Python lambdas implemented differently than standard functions?

When trying to write an answer for another SO question, something really peculiar happened.

I basically came up with one gigabyte gcd and said it maybe slower because of recursion
gcd = lambda a,b : a if not b else gcd(b, a % b)

A simple test:

 assert gcd(10, 3) == 1 and gcd(21, 7) == 7 and gcd(100, 1000) == 100 

Here are a few steps:

 timeit.Timer('gcd(2**2048, 2**2048+123)', setup = 'from fractions import gcd').repeat(3, 100) # [0.0022919178009033203, 0.0016410350799560547, 0.0016489028930664062] timeit.Timer('gcd(2**2048, 2**2048+123)', setup = 'gcd = lambda a,b : a if not b else gcd(b, a % b)').repeat(3, 100) # [0.0020480155944824219, 0.0016460418701171875, 0.0014090538024902344] 

Well, I wonder what I expected a lot slower, but the timings are pretty close? perhaps importing a module is a problem ...
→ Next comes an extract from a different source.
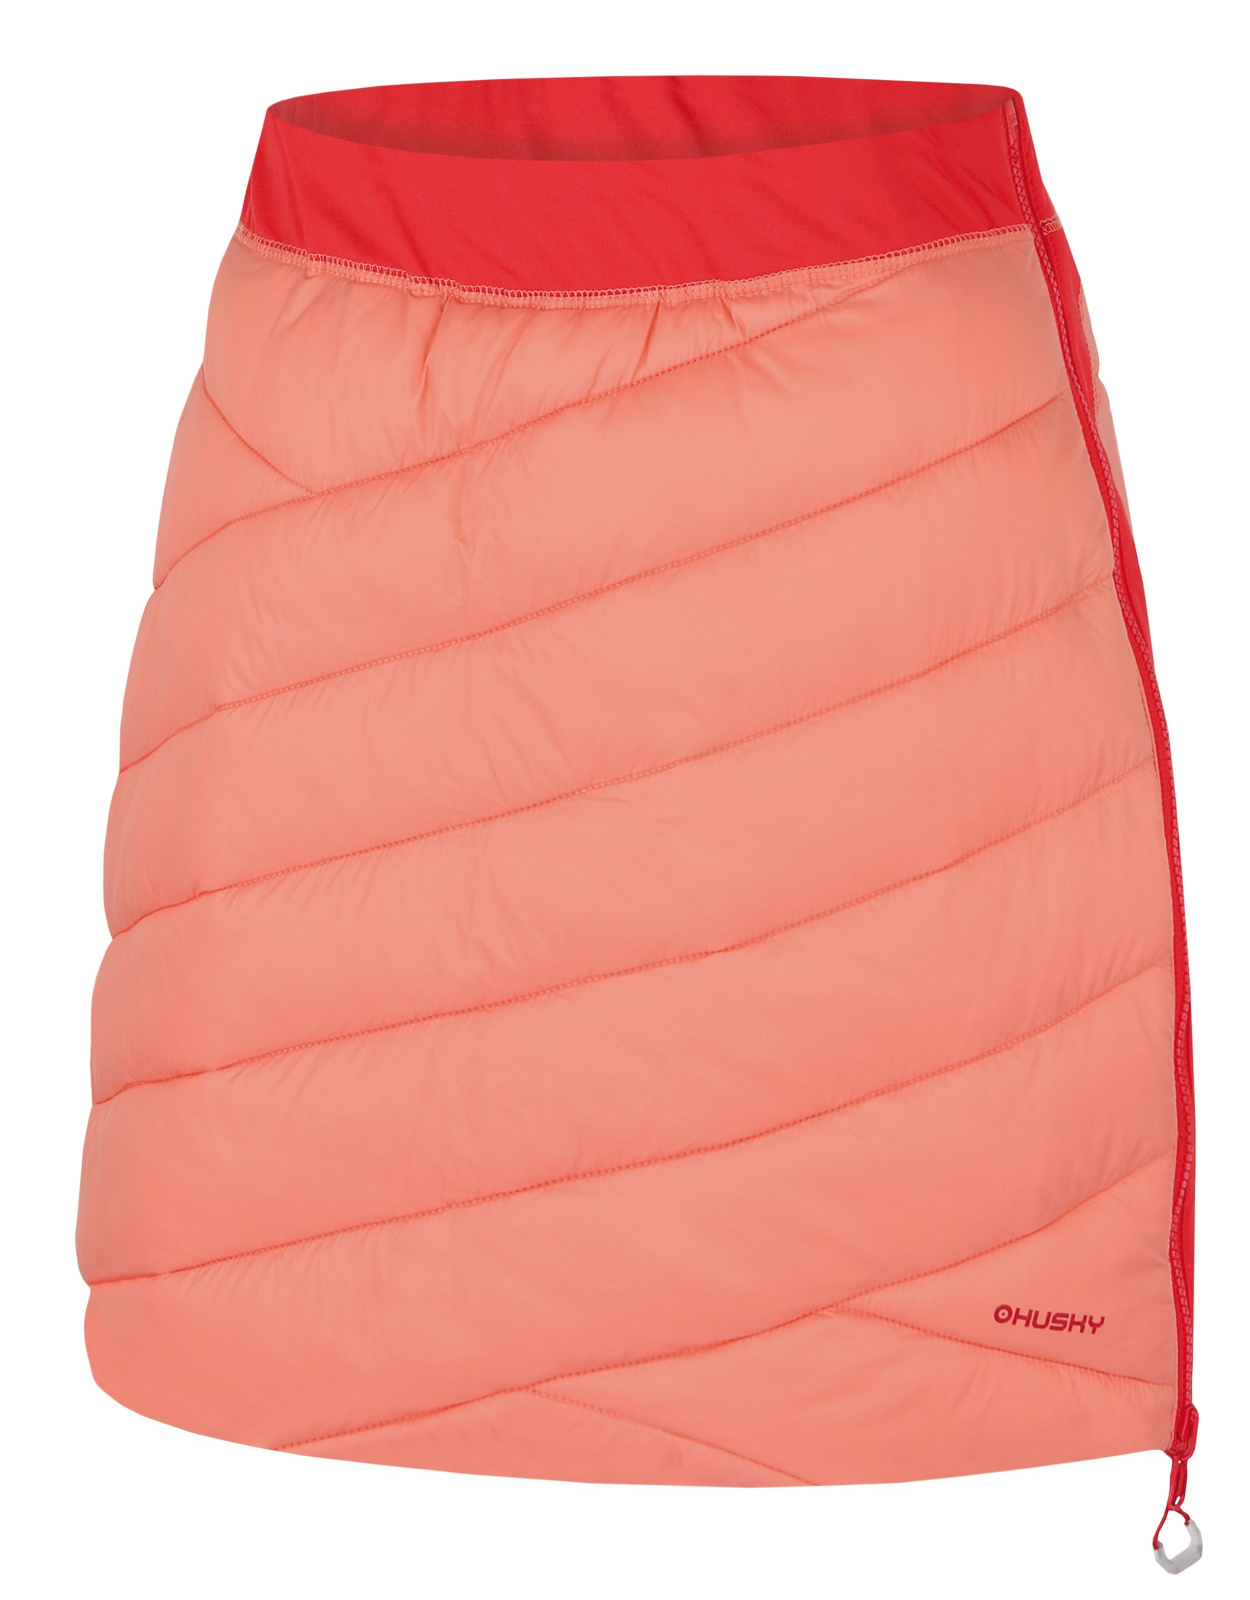 Husky Dámská oboustranná zimní sukně Freez L light orange/red Velikost: S dámská sukně

 >>> setup = ''' ... def gcd(a, b): ... """Calculate the Greatest Common Divisor of a and b. ... ... Unless b==0, the result will have the same sign as b (so that when ... b is divided by it, the result comes out positive). ... """ ... while b: ... a, b = b, a%b ... return a ... ''' >>> timeit.Timer('gcd(2**2048, 2**2048+123)', setup = setup).repeat(3, 100) [0.0015637874603271484, 0.0014810562133789062, 0.0014750957489013672] 

So far, quite close timings ok allows you to try larger values.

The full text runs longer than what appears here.